Voi tutti della santa Chiesa che è in Gaeta

 

 

 

 

 

Introduzione

 

La Lettera Pastorale “La Parola di Cristo abiti tra voi nella sua ricchezza” ci ha introdotti nel clima del nostro Sinodo diocesano, che avverte come necessità primaria la meditazione della Parola di Dio, fondamento della vita e della missione, che la nostra Chiesa di Gaeta ha ricevuto dal Signore.

 

Le nostre Comunità, nello scorso anno pastorale, con modalità e impegno diversificati, ne hanno fatto oggetto di riflessione e di esperienza viva a livello personale ed ecclesiale.

 

La Lettera dunque rimane anche per quest’anno strumento insostituibile per l’accompagnamento pastorale e premessa necessaria a questa mia Esortazione. Se infatti ci siamo soffermati a lungo sulla Parola di Dio e sulla sua centralità nella vita ecclesiale e personale, come anche nella liturgia e nella catechesi, allo stesso modo è necessaria una riflessione sull’ascolto attento della stessa Parola, che coinvolga in prima persona l’interlocutore di Dio cioè l’uomo con la sua vita, i suoi desideri e la sua reale disponibilità a compiere quanto Dio chiede proprio in vista di una pienezza di umanità.

 

Nell’anno pastorale trascorso abbiamo camminato insieme e abbiamo preso conoscenza che per scoprire l’identità Dio occorre necessariamente aprire la Bibbia, che è quell’insieme di libri dell’Antico e Nuovo Testamento, scritti nell’arco di oltre un millennio nella vicenda storica e culturale dell’umanità. Essi contengono la Parola divina, che viene incontro a noi in parole umane scritte e ci spiegano il suo disegno di salvezza. Abbiamo ancora compreso che la Scrittura non tratta la questione dell’esistenza di Dio ma ci racconta quale è il vero volto di Dio: non è certo vendicativo il nostro Dio, né permaloso o esigente; non richiede all’uomo ciò che l’uomo non può dare e tanto meno è un Dio lontano o noncurante delle realtà del mondo che riguardano l’uomo. Con tanta consolazione abbiamo scoperto che il nostro Dio è ricco di amore e di misericordia, che va in cerca dell’uomo, soprattutto se peccatore o è lontano, e la sua ansia è come quella di un padre premuroso che vuole il bene del figlio per renderlo felice. La vita, la morte, l’amicizia, il dolore, la famiglia, il lavoro, le varie situazioni personali, i segreti del cuore tutto interessa Dio e tutto ci viene descritto e consegnato dalla Parola di Dio.

 

Leggere o ascoltare la Bibbia diviene ogni volta perciò incontro vitale con il Signore, che si rivela e dialoga con noi.

 

 In quest’anno pastorale vogliamo allora riflettere sulla dimensione conseguente alla proclamazione della Parola: l’ASCOLTO da parte dell’uomo.

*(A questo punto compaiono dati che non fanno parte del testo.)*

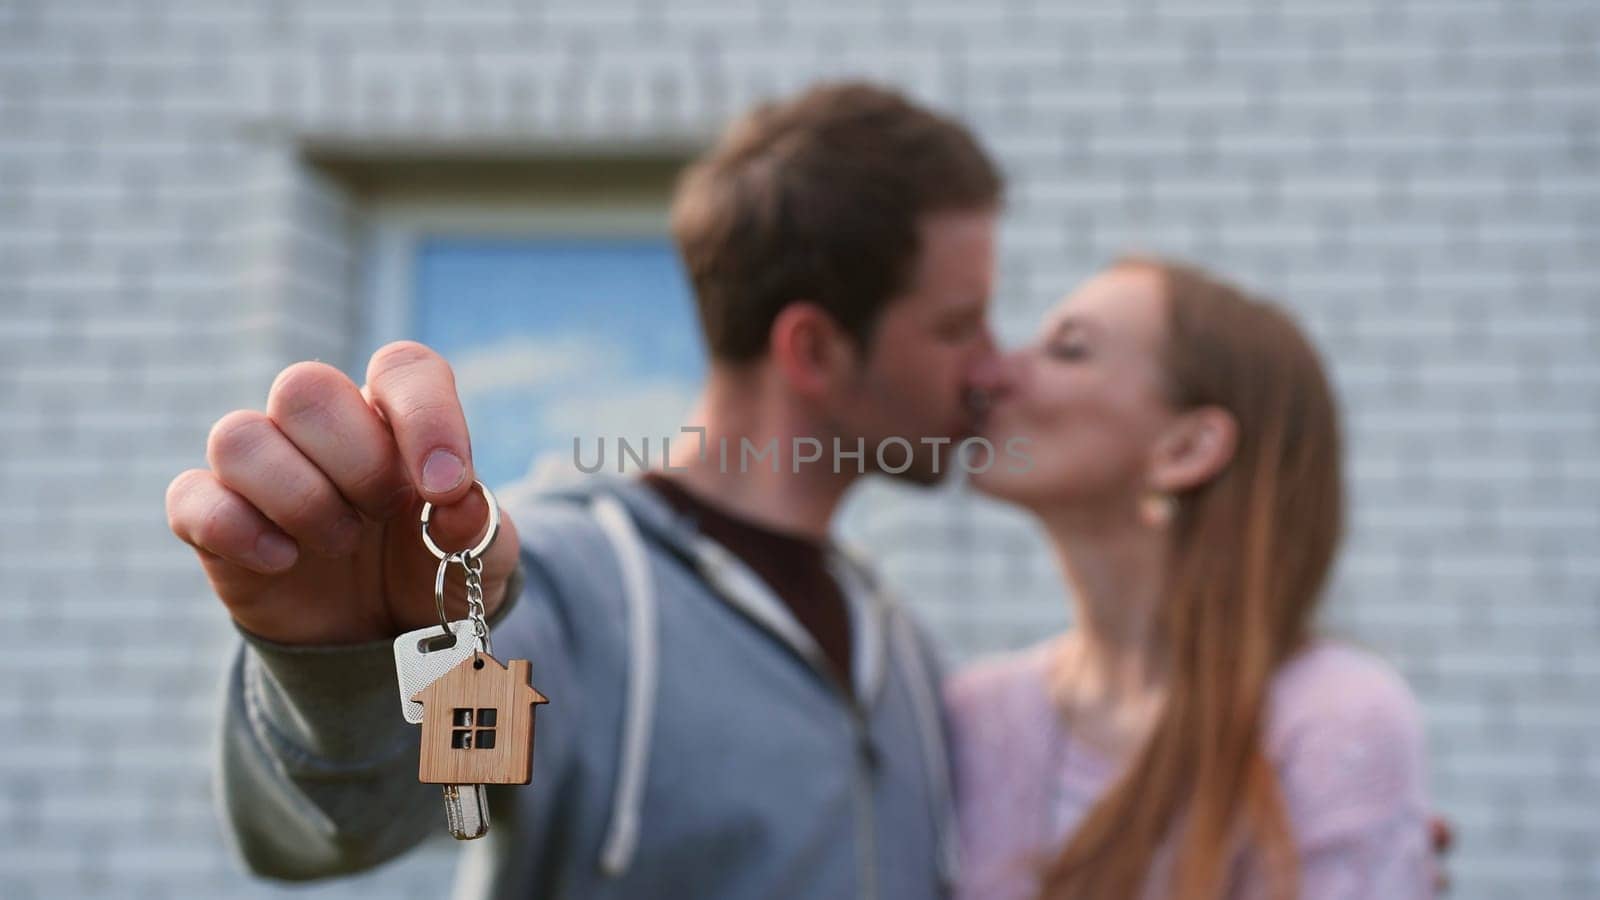 Real estate purchase concept. Young spouses show off the keys to the purchased new home and kiss

Il primato della Parola deve riplasmare il volto della nostra Chiesa diocesana, rendendo ogni cristiano un servo della Parola e ogni ministero un servizio alla Parola, dopo averla ben ascoltata e interiorizzata. Il Cardinale Martini diceva: “Il primato della Parola ora non lo è. La nostra vita è lontana dal potersi dire nutrita e regolata dalla Parola di Dio. Ci regoliamo, anche nel bene, sulla base di alcune buone abitudini, di alcuni principi di buon senso, ci riferiamo a un contesto tradizionale di credenze religiose e di norme morali ricevute. Nei momenti migliori, sentiamo un po’ di più che Dio è qualcosa per noi, che Gesù rappresenta un ideale e un aiuto. Al di là di questo però sperimentiamo di solito ben poco come la Parola di Dio possa diventare il nostro vero sostegno e conforto, possa illuminarci sul ‘vero Dio’, la cui manifestazione ci riempirebbe il cuore di gioia. Facciamo solo di rado l’esperienza di come il Gesù dei Vangeli, conosciuto attraverso l’ascolto e la meditazione delle pagine bibliche, può diventare davvero “buona notizia” per noi, adesso, per me e in questo momento particolare della mia storia, può farmi vedere in prospettiva nuova ed esaltante il mio posto e compito in questa società, e così capovolgere l’idea meschina e triste che mi ero fatto di me stesso e del mio destino”.

 

Certo, si può leggere la Bibbia anche senza fede, però senza fede non si può ascoltare la Parola di Dio. Maria, la Vergine dell’ascolto, ascoltava la Parola, la meditava nel cuore e si conformava ad essa, meritandosi l’elogio del suo Figlio Gesù, che la dichiarava beata più per l’ascolto prestato nella fede a Dio che per la sua maternità fisica: “Beati piuttosto quelli che ascoltano la parola di Dio e la mettono in pratica” (Lc 11,28).

 

 

1. In religioso ascolto

 

L’accostarsi alla Scrittura e da essa ricevere fecondità spirituale e pastorale può avvenire solo nello spazio dell’ascolto: perciò si esige “un cuore che ascolta”. Il fondamento di tutta la Bibbia è infatti Dio che parla e il popolo che ascolta. L’uomo biblico cammina nella luce della fede: pertanto è solo nell’ascolto che può avvenire l’incontro vitale con Dio. Perciò se l’ascolto è stato momento costitutivo per Israele, come popolo di Dio, similmente deve avvenire per la Chiesa, quale assemblea convocata dalla stessa Parola e riunita intorno a Cristo risorto e vivente. Centrale allora rimane l’esigenza dell’ascolto nell’Antico come nel nuovo Testamento: è la medesima alleanza con Dio che sempre lo richiede.

 

Nella Scrittura tanti sono i richiami sul valore dell’ascolto: siccome Dio non può essere visto, Egli parla e l’ascoltarlo diventa necessità primaria. Basti pensare che Mosè prima di comunicare le parole dell’alleanza proclama a nome di Dio il comando fondamentale, che ogni pio israelita doveva sempre coltivare: “shemà, ASCOLTA, Israele: le parole di questo comandamento , che oggi ti do, restino nel tuo cuore. Le ripeterai ai tuoi figli, le dirai quando ti corichi e quando ti alzi” (Dt 6, 4).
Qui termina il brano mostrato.